Output all entries precisely.

(Recorded data Opens)

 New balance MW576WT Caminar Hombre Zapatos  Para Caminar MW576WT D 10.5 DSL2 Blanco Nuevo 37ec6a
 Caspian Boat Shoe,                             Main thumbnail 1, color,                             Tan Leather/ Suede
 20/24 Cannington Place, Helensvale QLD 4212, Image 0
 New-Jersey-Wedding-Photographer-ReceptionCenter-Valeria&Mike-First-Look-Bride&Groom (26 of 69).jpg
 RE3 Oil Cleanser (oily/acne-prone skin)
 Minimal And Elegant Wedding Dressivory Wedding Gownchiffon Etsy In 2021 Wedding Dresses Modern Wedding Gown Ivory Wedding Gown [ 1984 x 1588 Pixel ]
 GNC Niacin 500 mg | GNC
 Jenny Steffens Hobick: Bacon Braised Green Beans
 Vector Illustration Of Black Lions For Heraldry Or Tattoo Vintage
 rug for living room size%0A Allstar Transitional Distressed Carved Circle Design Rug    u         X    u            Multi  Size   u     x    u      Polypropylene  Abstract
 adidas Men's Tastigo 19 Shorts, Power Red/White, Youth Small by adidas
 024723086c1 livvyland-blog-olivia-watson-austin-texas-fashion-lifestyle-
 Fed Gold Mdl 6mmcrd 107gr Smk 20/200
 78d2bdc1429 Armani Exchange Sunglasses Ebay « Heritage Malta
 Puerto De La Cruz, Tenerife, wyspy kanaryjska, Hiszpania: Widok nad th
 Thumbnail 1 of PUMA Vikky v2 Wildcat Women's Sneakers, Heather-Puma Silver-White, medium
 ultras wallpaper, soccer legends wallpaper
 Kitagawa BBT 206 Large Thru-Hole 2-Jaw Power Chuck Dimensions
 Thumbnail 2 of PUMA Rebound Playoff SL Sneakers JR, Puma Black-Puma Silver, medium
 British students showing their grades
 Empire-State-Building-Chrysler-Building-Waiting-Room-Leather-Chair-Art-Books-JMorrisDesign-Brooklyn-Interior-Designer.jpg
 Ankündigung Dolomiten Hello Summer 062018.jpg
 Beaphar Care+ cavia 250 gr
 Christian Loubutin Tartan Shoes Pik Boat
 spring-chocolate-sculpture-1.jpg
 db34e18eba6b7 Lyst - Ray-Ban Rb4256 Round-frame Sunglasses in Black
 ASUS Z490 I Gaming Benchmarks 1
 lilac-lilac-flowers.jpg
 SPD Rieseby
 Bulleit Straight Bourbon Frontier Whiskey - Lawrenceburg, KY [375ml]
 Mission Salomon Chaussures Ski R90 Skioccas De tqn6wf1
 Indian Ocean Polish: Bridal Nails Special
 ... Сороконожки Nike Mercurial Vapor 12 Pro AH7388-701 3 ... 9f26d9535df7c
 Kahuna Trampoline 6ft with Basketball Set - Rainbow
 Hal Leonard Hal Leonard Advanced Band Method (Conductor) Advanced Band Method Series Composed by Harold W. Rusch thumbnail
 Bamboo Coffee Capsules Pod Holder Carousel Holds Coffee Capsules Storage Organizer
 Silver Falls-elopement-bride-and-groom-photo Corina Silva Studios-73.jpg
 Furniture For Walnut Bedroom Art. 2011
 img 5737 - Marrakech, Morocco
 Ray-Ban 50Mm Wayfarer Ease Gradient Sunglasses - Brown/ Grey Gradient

(Recorded data Closes)

Result of this task |
 New balance MW576WT Caminar Hombre Zapatos  Para Caminar MW576WT D 10.5 DSL2 Blanco Nuevo 37ec6a
 Caspian Boat Shoe,                             Main thumbnail 1, color,                             Tan Leather/ Suede
 20/24 Cannington Place, Helensvale QLD 4212, Image 0
 New-Jersey-Wedding-Photographer-ReceptionCenter-Valeria&Mike-First-Look-Bride&Groom (26 of 69).jpg
 RE3 Oil Cleanser (oily/acne-prone skin)
 Minimal And Elegant Wedding Dressivory Wedding Gownchiffon Etsy In 2021 Wedding Dresses Modern Wedding Gown Ivory Wedding Gown [ 1984 x 1588 Pixel ]
 GNC Niacin 500 mg | GNC
 Jenny Steffens Hobick: Bacon Braised Green Beans
 Vector Illustration Of Black Lions For Heraldry Or Tattoo Vintage
 rug for living room size%0A Allstar Transitional Distressed Carved Circle Design Rug    u         X    u            Multi  Size   u     x    u      Polypropylene  Abstract
 adidas Men's Tastigo 19 Shorts, Power Red/White, Youth Small by adidas
 024723086c1 livvyland-blog-olivia-watson-austin-texas-fashion-lifestyle-
 Fed Gold Mdl 6mmcrd 107gr Smk 20/200
 78d2bdc1429 Armani Exchange Sunglasses Ebay « Heritage Malta
 Puerto De La Cruz, Tenerife, wyspy kanaryjska, Hiszpania: Widok nad th
 Thumbnail 1 of PUMA Vikky v2 Wildcat Women's Sneakers, Heather-Puma Silver-White, medium
 ultras wallpaper, soccer legends wallpaper
 Kitagawa BBT 206 Large Thru-Hole 2-Jaw Power Chuck Dimensions
 Thumbnail 2 of PUMA Rebound Playoff SL Sneakers JR, Puma Black-Puma Silver, medium
 British students showing their grades
 Empire-State-Building-Chrysler-Building-Waiting-Room-Leather-Chair-Art-Books-JMorrisDesign-Brooklyn-Interior-Designer.jpg
 Ankündigung Dolomiten Hello Summer 062018.jpg
 Beaphar Care+ cavia 250 gr
 Christian Loubutin Tartan Shoes Pik Boat
 spring-chocolate-sculpture-1.jpg
 db34e18eba6b7 Lyst - Ray-Ban Rb4256 Round-frame Sunglasses in Black
 ASUS Z490 I Gaming Benchmarks 1
 lilac-lilac-flowers.jpg
 SPD Rieseby
 Bulleit Straight Bourbon Frontier Whiskey - Lawrenceburg, KY [375ml]
 Mission Salomon Chaussures Ski R90 Skioccas De tqn6wf1
 Indian Ocean Polish: Bridal Nails Special
 ... Сороконожки Nike Mercurial Vapor 12 Pro AH7388-701 3 ... 9f26d9535df7c
 Kahuna Trampoline 6ft with Basketball Set - Rainbow
 Hal Leonard Hal Leonard Advanced Band Method (Conductor) Advanced Band Method Series Composed by Harold W. Rusch thumbnail
 Bamboo Coffee Capsules Pod Holder Carousel Holds Coffee Capsules Storage Organizer
 Silver Falls-elopement-bride-and-groom-photo Corina Silva Studios-73.jpg
 Furniture For Walnut Bedroom Art. 2011
 img 5737 - Marrakech, Morocco
 Ray-Ban 50Mm Wayfarer Ease Gradient Sunglasses - Brown/ Grey Gradient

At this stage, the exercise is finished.